▶ _TASK PROMPT_
Look below for the line with "Mistrzostwa Polski w biegu po schodach" and the line with "[森萝财团]WTMSB-00"; repeat exactly those two lines and all lines between them, but no pictures.

▶ _SUPPLIED MATERIAL_
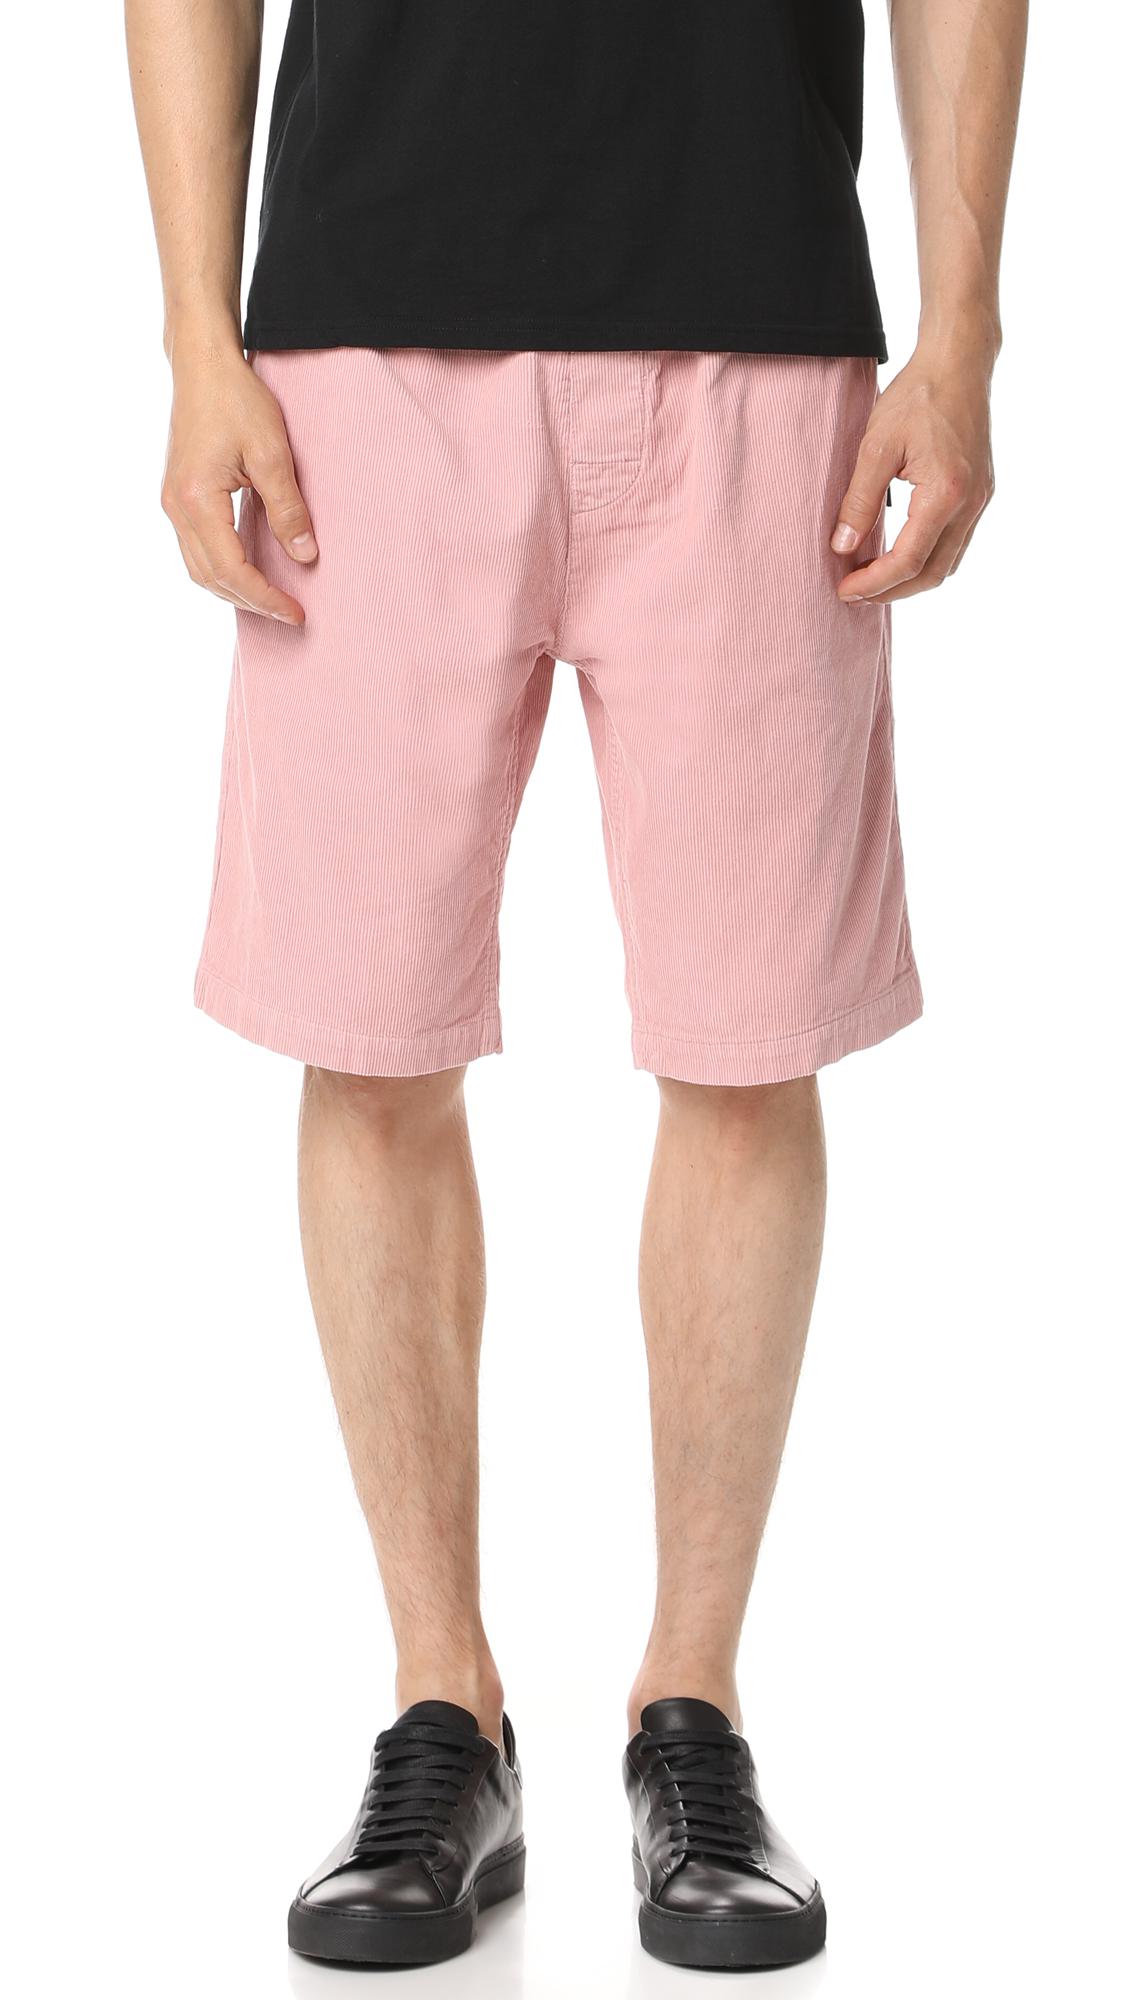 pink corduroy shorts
* * *
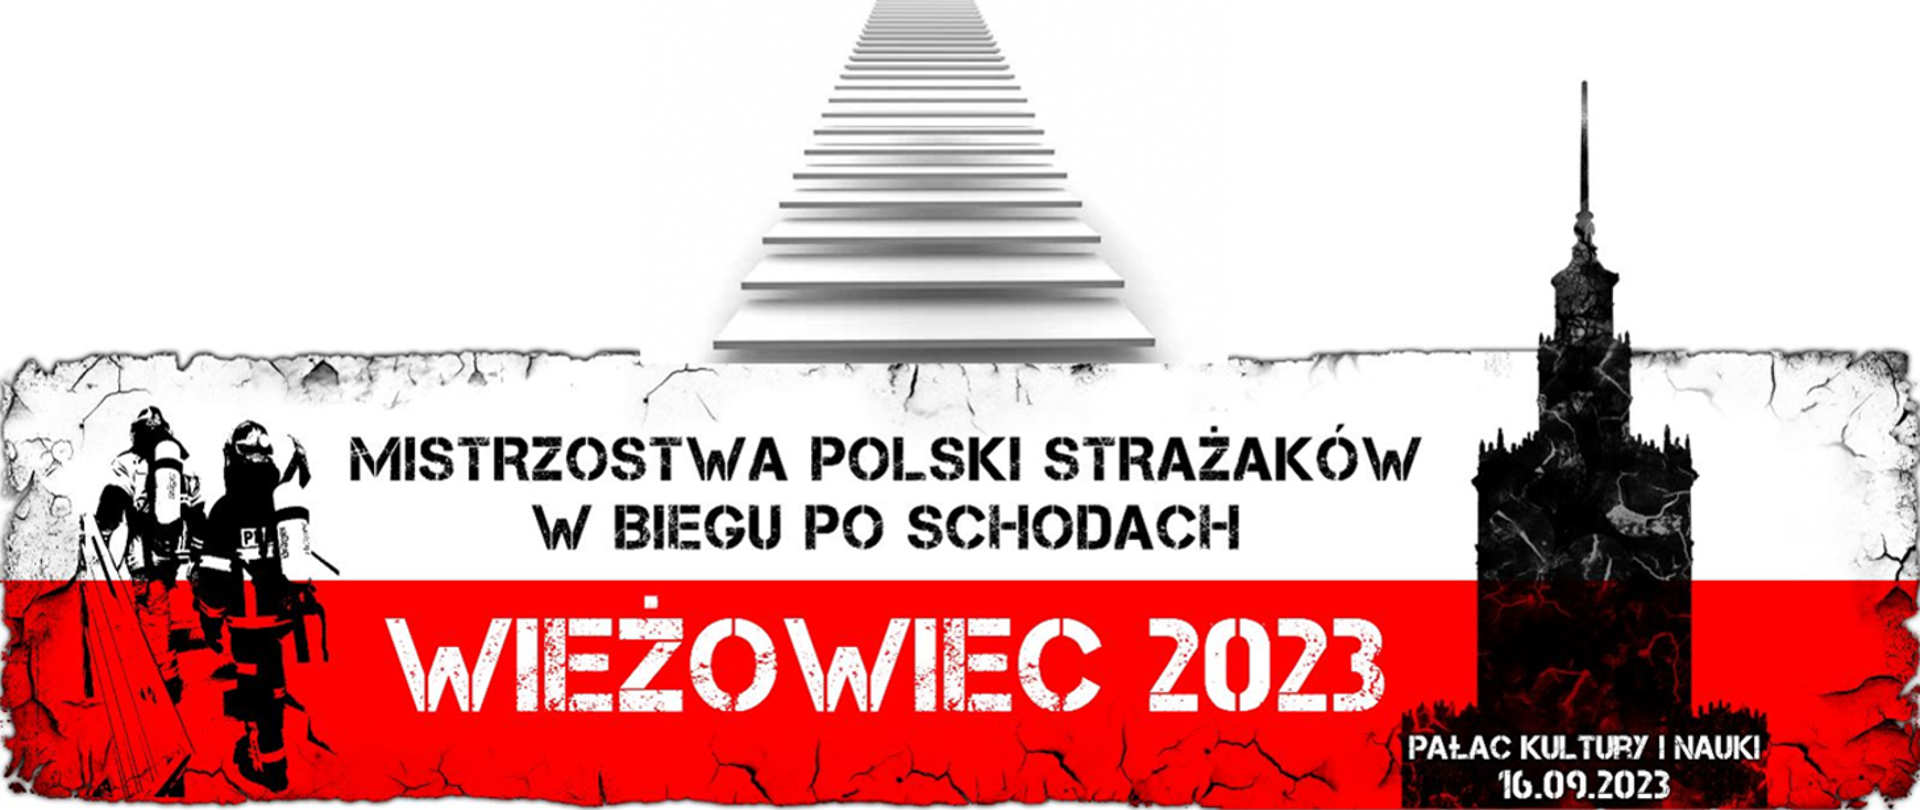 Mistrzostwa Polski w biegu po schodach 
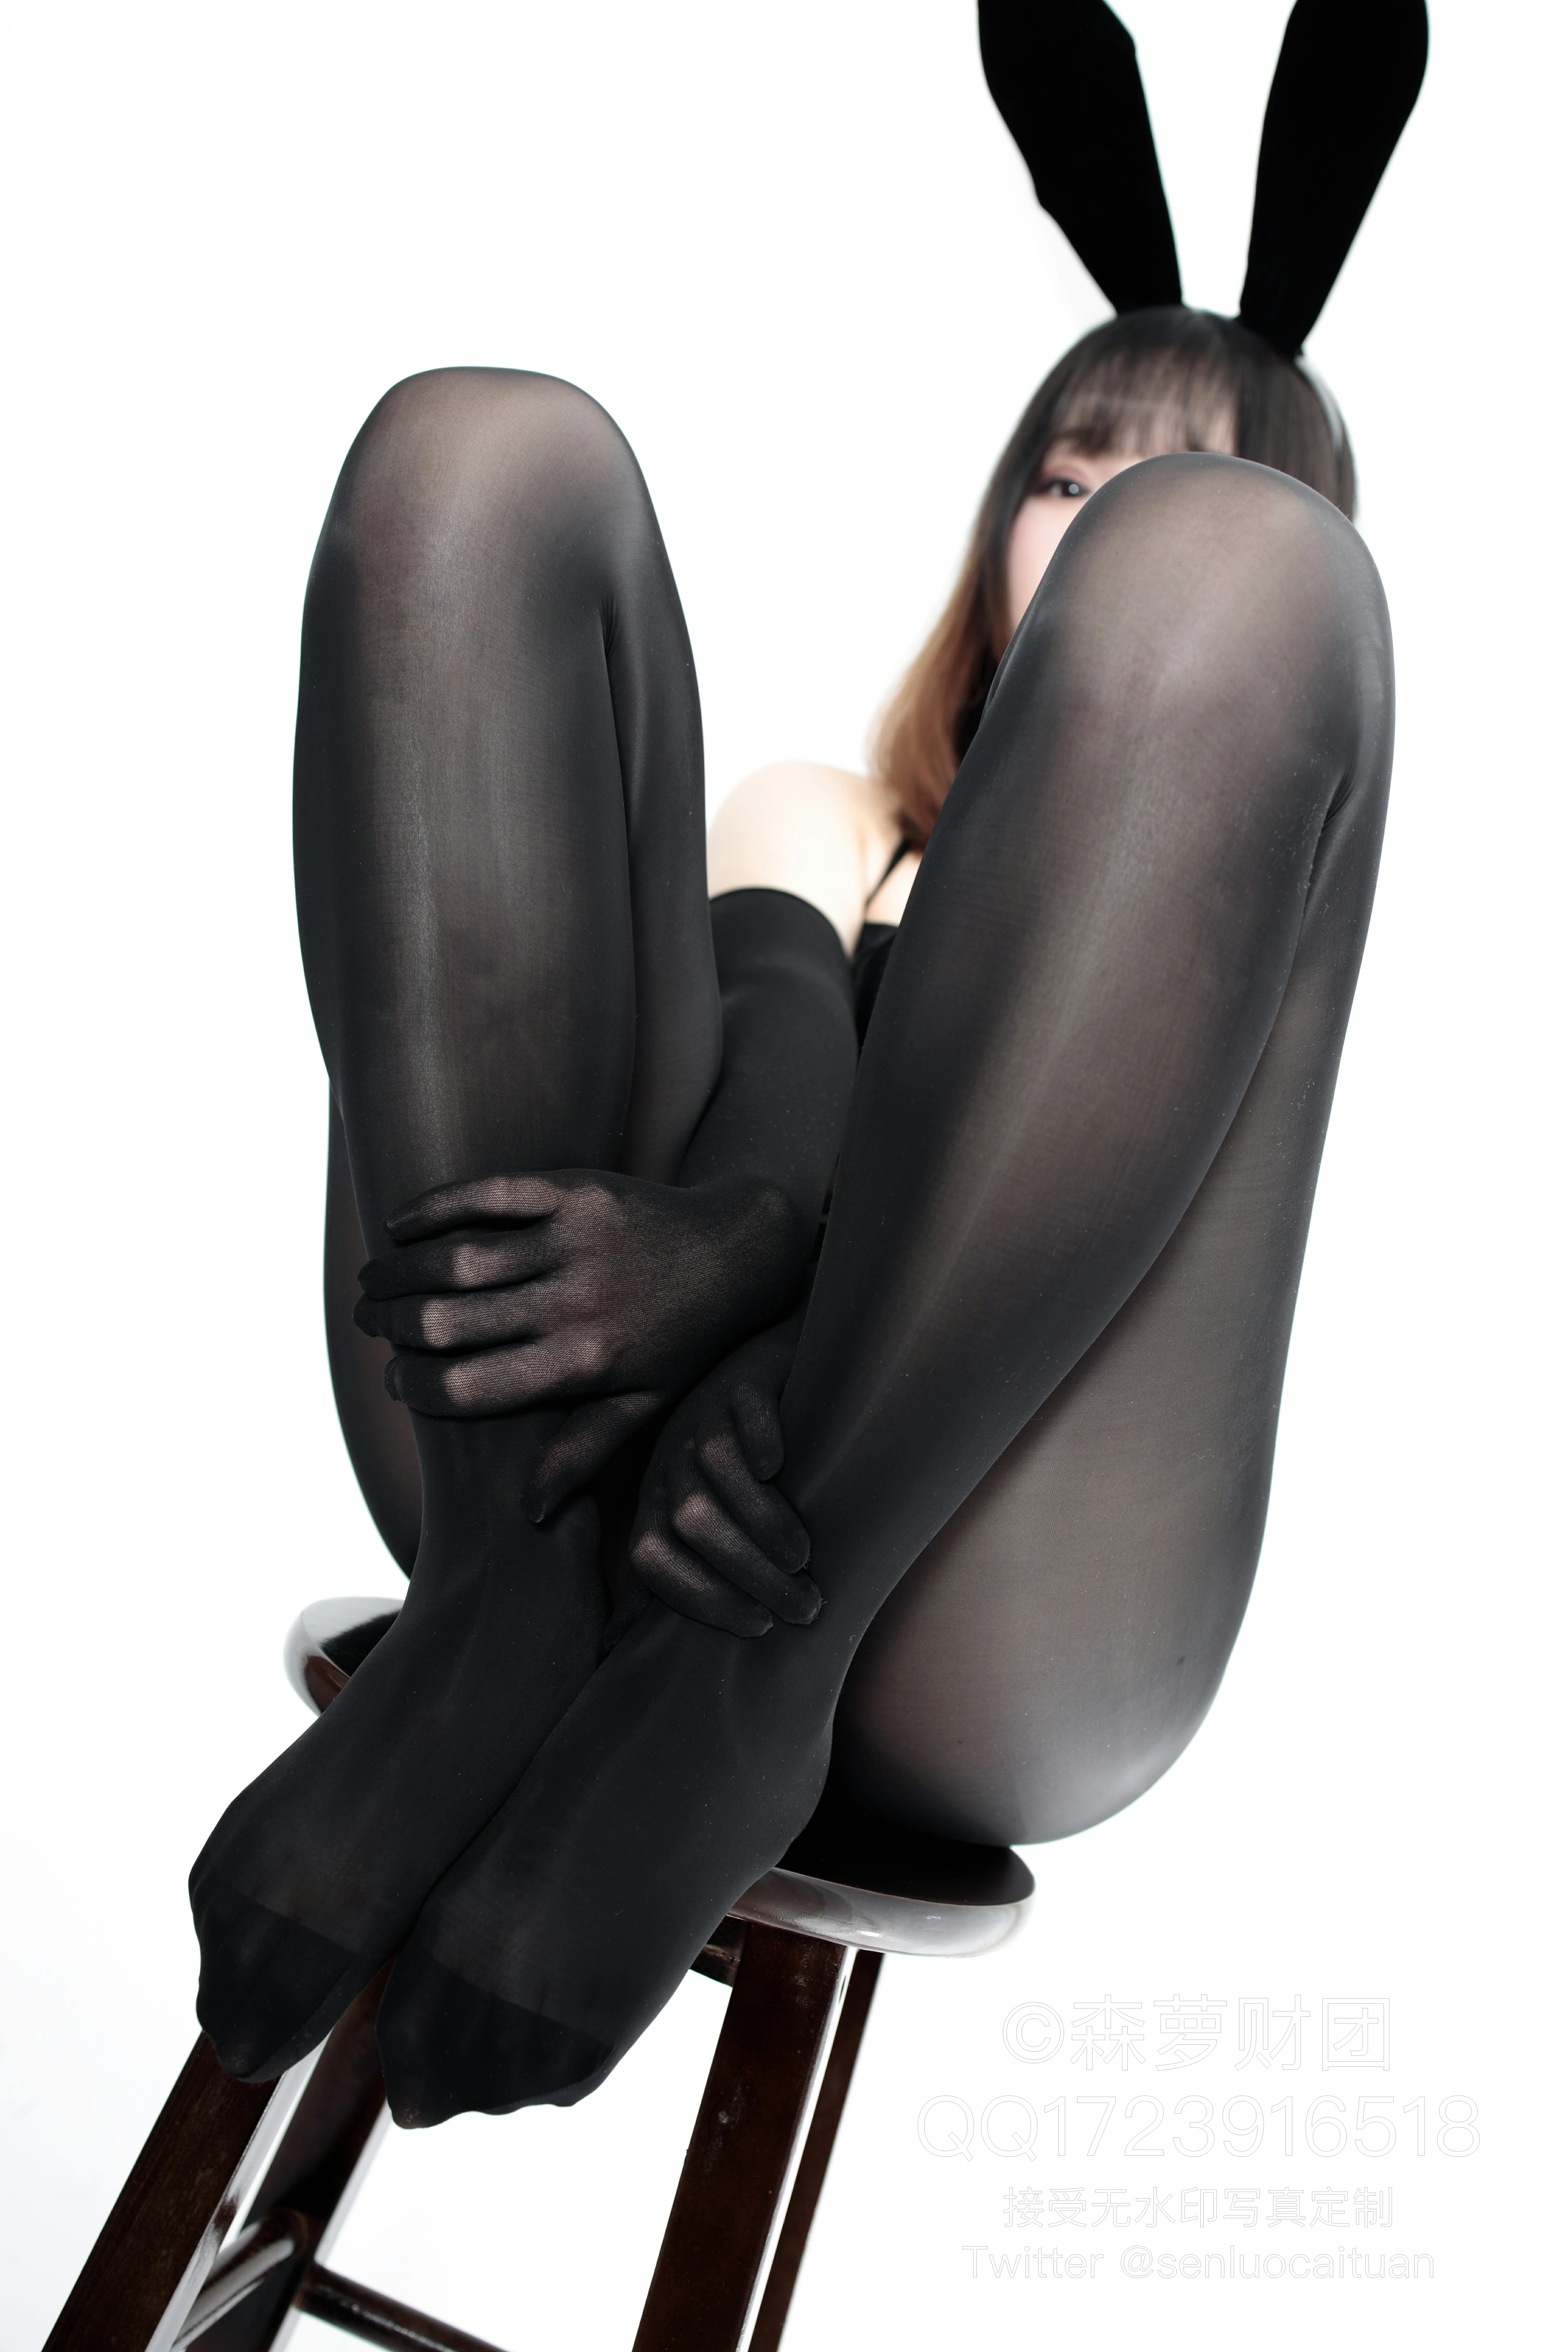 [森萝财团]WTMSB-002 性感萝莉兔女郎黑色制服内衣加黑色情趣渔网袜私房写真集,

▶ _TASK ANSWER_
 Mistrzostwa Polski w biegu po schodach 
 [森萝财团]WTMSB-002 性感萝莉兔女郎黑色制服内衣加黑色情趣渔网袜私房写真集,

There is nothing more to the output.